Bubbles of gas will be visible at each electrode. At the positive electrode, the indicator turns red initially and then is bleached to colourless. This indicates the presence of chlorine. At the negative electrode the indicator turns purple. The remainder of the solution stays green.

The product at the negative electrode is hydrogen. This can be difficult for learners to understand.

Some of the water will ionise, that is, turn to hydrogen (H⁺) and hydroxide (OH^–) ions.

When the sodium chloride is dissolved in water, the ions forming the ionic solid separate out. This means that there are four ions present in the solution: H⁺, OH^–, Na⁺ and Cl^–.

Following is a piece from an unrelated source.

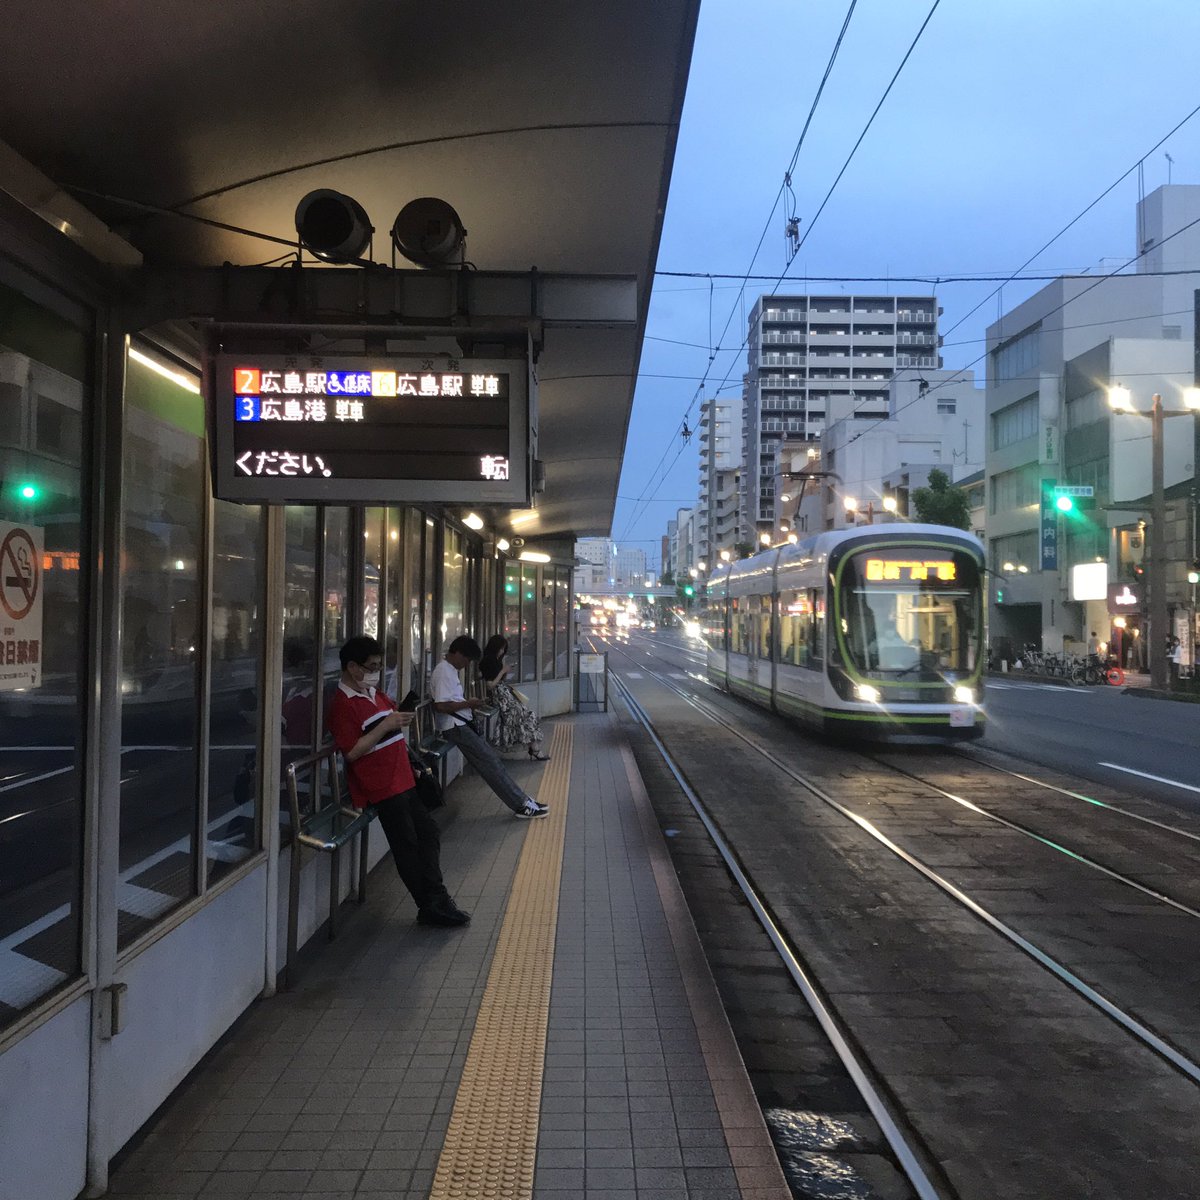 Hiroshima’s streetcar system is awesome

The negative ions are attracted to the positive electrode. The chloride ions are discharged (giving chlorine) in preference to the hydroxide ions. These are left behind in solution.

At the negative electrode, the hydrogen ions are discharged (producing hydrogen gas) in preference to the sodium ions. These are also left behind in solution. Thus sodium hydroxide solution remains. This is the cause of the purple colour of the indicator at the negative electrode.

In time, the green colour of the indicator in the middle would change too, as the ions diffuse through the resulting solution.

Equations

2H⁺ + 2e^–→ H₂ [negative electrode, cathode]

2Cl^–→ Cl₂ + 2e^– [positive electrode, anode]

H₂ O → H⁺ + OH^–

Answers

Answers to the questions in both the student sheets and on the lesson slides can be found in the teacher notes.